____ MATERIAL PROVIDED

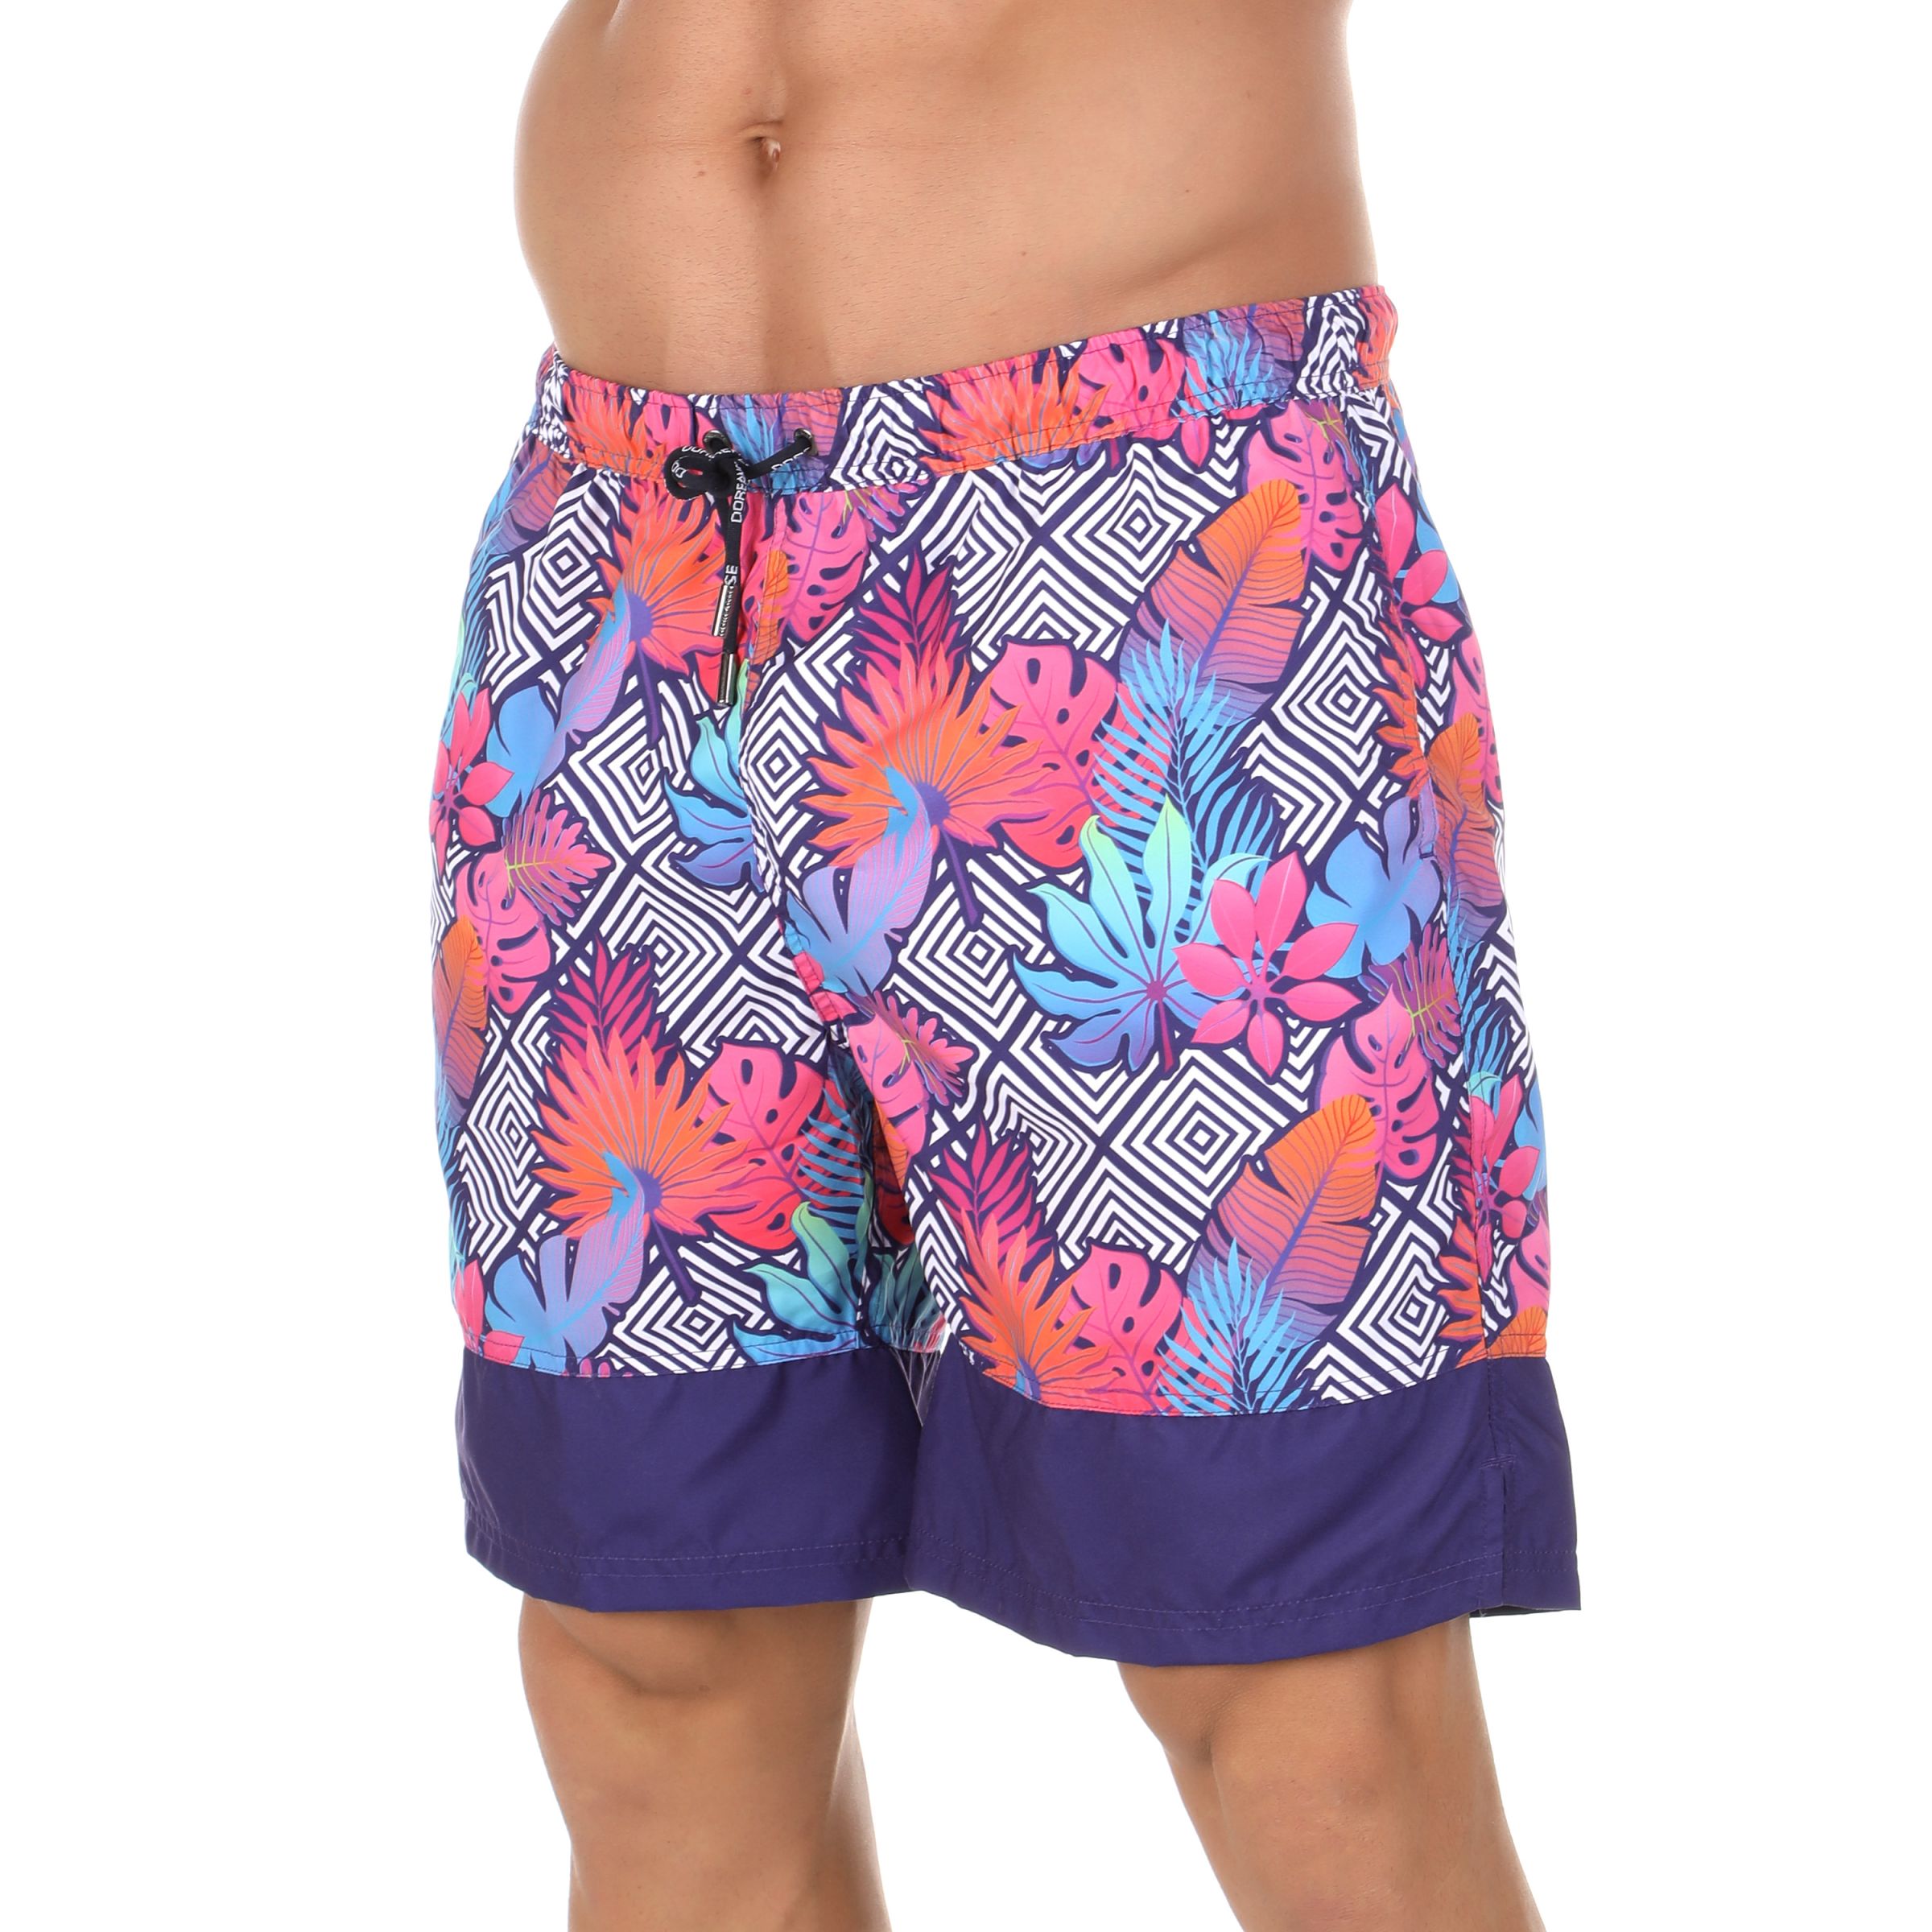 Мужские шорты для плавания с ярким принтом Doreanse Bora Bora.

________
____ MATERIAL PROVIDED

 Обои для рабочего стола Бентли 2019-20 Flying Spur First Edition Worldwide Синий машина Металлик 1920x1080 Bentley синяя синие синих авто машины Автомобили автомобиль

________
____ MATERIAL PROVIDED

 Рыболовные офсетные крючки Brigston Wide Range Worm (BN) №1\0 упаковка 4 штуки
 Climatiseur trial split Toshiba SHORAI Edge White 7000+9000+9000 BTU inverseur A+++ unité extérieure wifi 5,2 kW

________

WORK REQUIRED: From the records above, give again exactly the lines running from the line with "Рыболовные офсетные крючки" to the line with "Climatiseur trial split", inclusive.

FINISHED EXERCISE:
 Рыболовные офсетные крючки Brigston Wide Range Worm (BN) №1\0 упаковка 4 штуки
 Climatiseur trial split Toshiba SHORAI Edge White 7000+9000+9000 BTU inverseur A+++ unité extérieure wifi 5,2 kW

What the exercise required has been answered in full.